Şubat 18, 2011

Gelmek İçin Aklımı Seçen Birkaç Şey: Sevgili Yol Arkadaşım Hakkında


Bu akşam üzeri, bir insan üzerine pek ziyade düşündüm sevgili okur. Hayatımın bu yirmi sekizinci yılına kadar kimseye kendisi kadar yakın olmadığım bu insanın bahsi geçtikçe "yol arkadaşı" ifadesini kullanmıştım evvelce. Kendisi yolumdadır, doğru. Güzel bir benzetme duymuştum birinden, "Çekil yolumdan" dediğinde gidemeyecek kişidir doğru kişi; zira o zaten kendi yolundadır. Yolların kesişmesi. Alejandro Gonzalez Innaritu'nun şu pek sevdiği mefhum. Evet, bu güzel akşamın üzeri, ben biraz bunlara filan kafa yordum.

Her insan yalnız doğmuştur dünyaya, yalnız da ölecektir. Değil mi? Evet. Ama "yakınlık" diye bir şey var. Yalnız olmanın karşıtı olmayan, yalnızlığın cazibesini sallamaya hiç çabalamadan kendi cazibesini yaratan bir şey. Bir göze en fazla ne kadar yakından bakılabileceği, ne leziz bir mevzudur hakkında konuşulacak. Yoo, konuşulacak değil, düşünülecek!
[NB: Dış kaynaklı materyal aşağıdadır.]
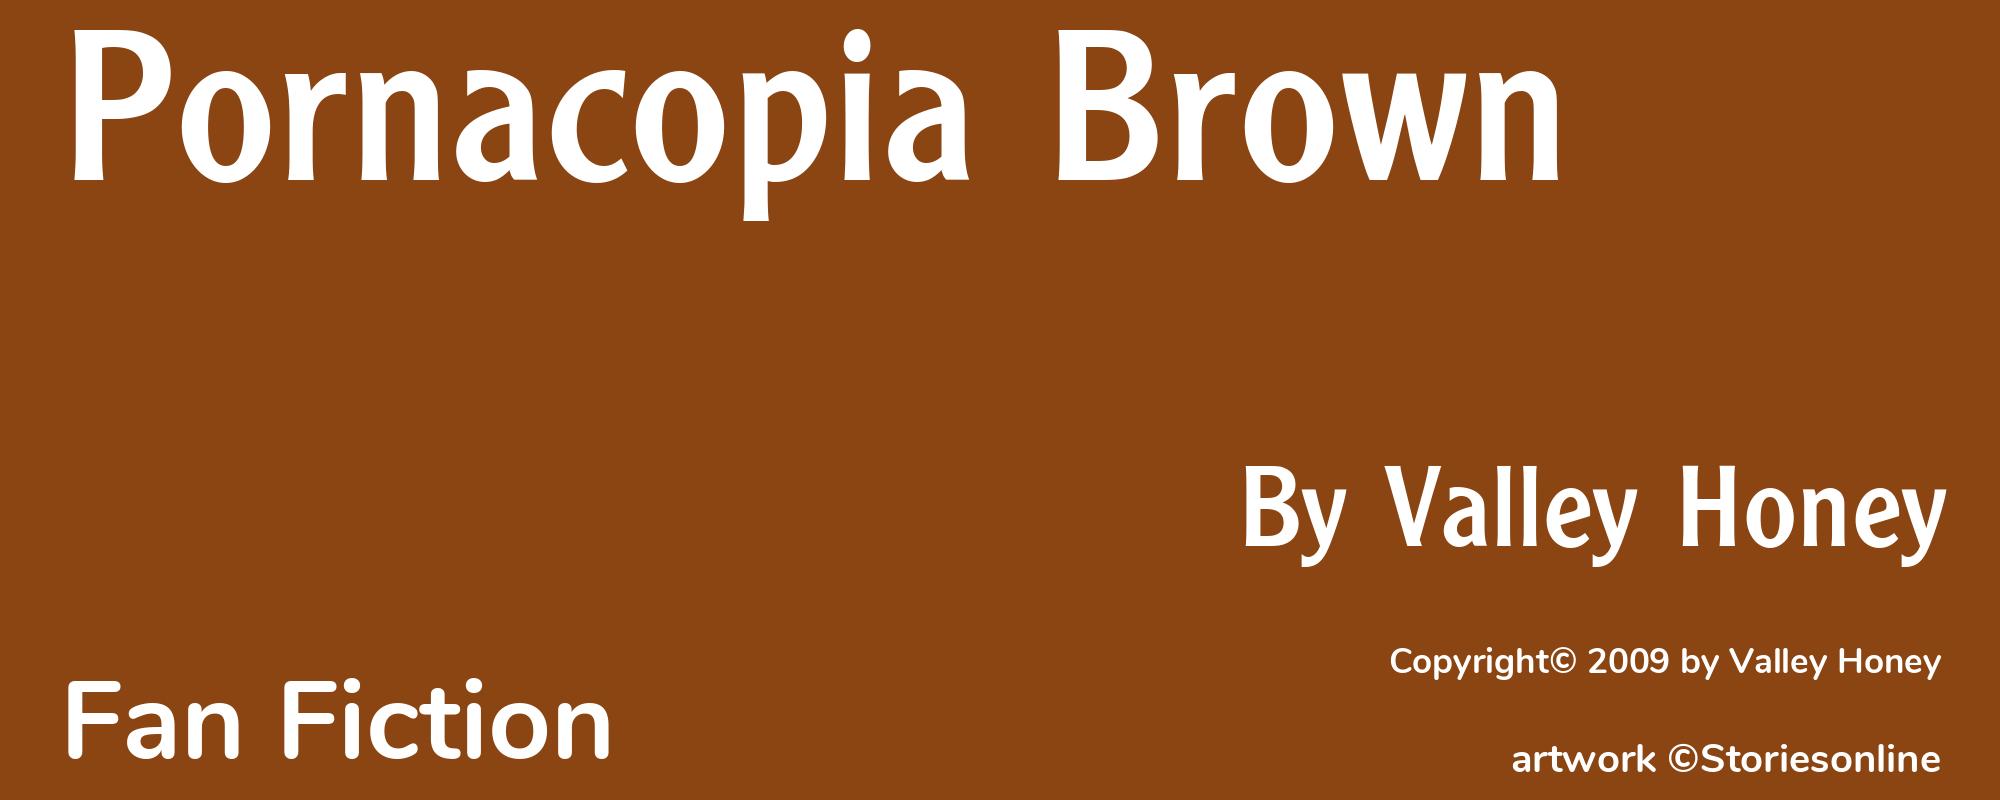 Pornacopia Brown - Cover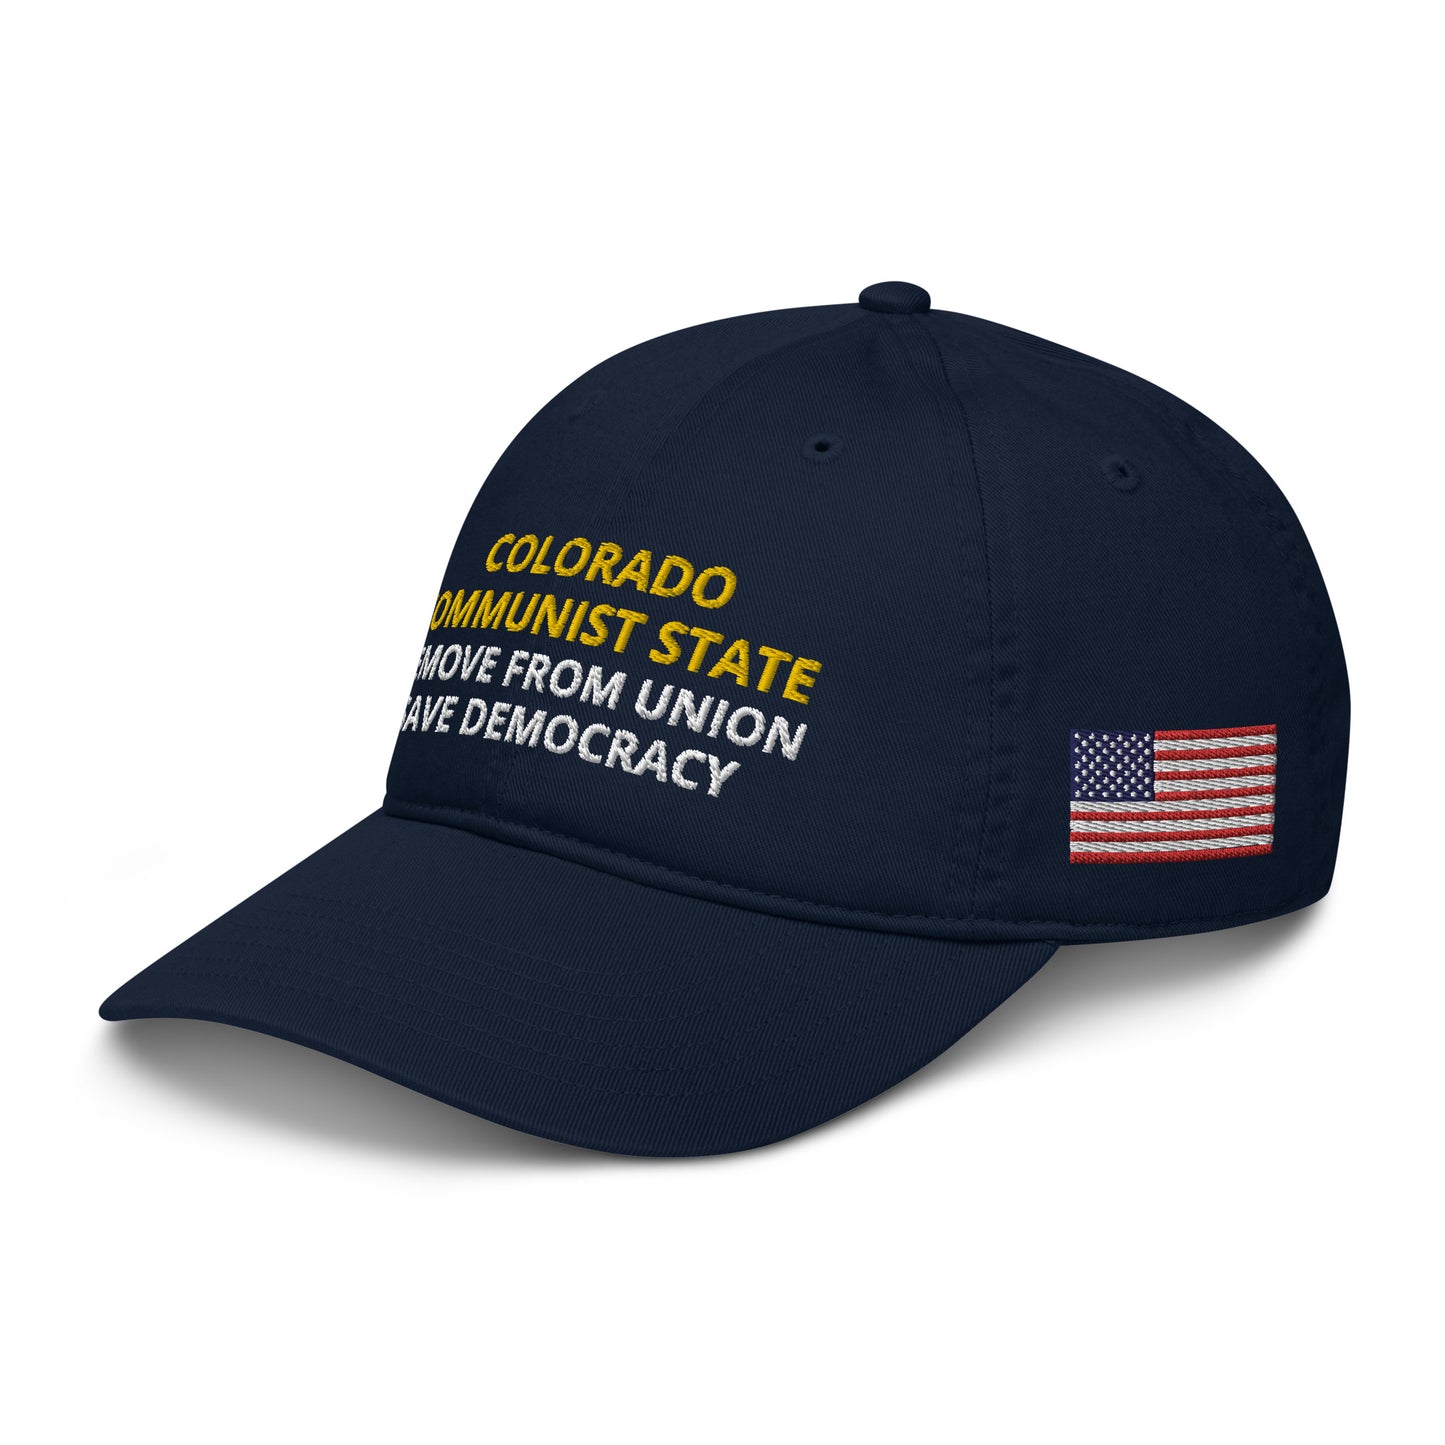 Colorado Communist State dad hat

Yakınlık denen şeyin en şahane hediyesi de ortak kodlar. Senden ve ondan başkasına herhangi bir manaya gelmeyecek kelimeler, bakışlar, mimikler. İşte anlamayacağın bir liste sevgili okur. "Kim bilir bilmediğimiz ne manalar aldı kullandığımız kelimeler, demek ki sandığımızdan daha büyük bu dünya" demek için yazdım bunları. Sevgilerimle.

Major tom.
Tedirgin kirpi.
Moda.
"Dur dur dur, tam anlamadım".
Söğütlüçeşme.
Tren.
Eskişehir.
İsmet özel.
Tekila.
Kaplumbağa.
Barton fink.
Vincent malloy.
"Gel buraya Vincent, konuşacaklarımız var"
Let me kiss you.
The letter.
"Allah iyilerle karşılaştırsın".
Cv.
Yüce. =)
7/4.
"Orda çerkes mi herkes?".
"Gördünnü?"
"Aldılar mı?"
Kırmızı balon.
Ug ug.
"Hindistan cevizi alalım mı?"
Ayraç.
Kabak tatlısı.
Bir poşet kurşunkalem.

Bir gün bu listenin yüz katı cebimizde, gülmekten ölücez olan bitene. Biliyorum.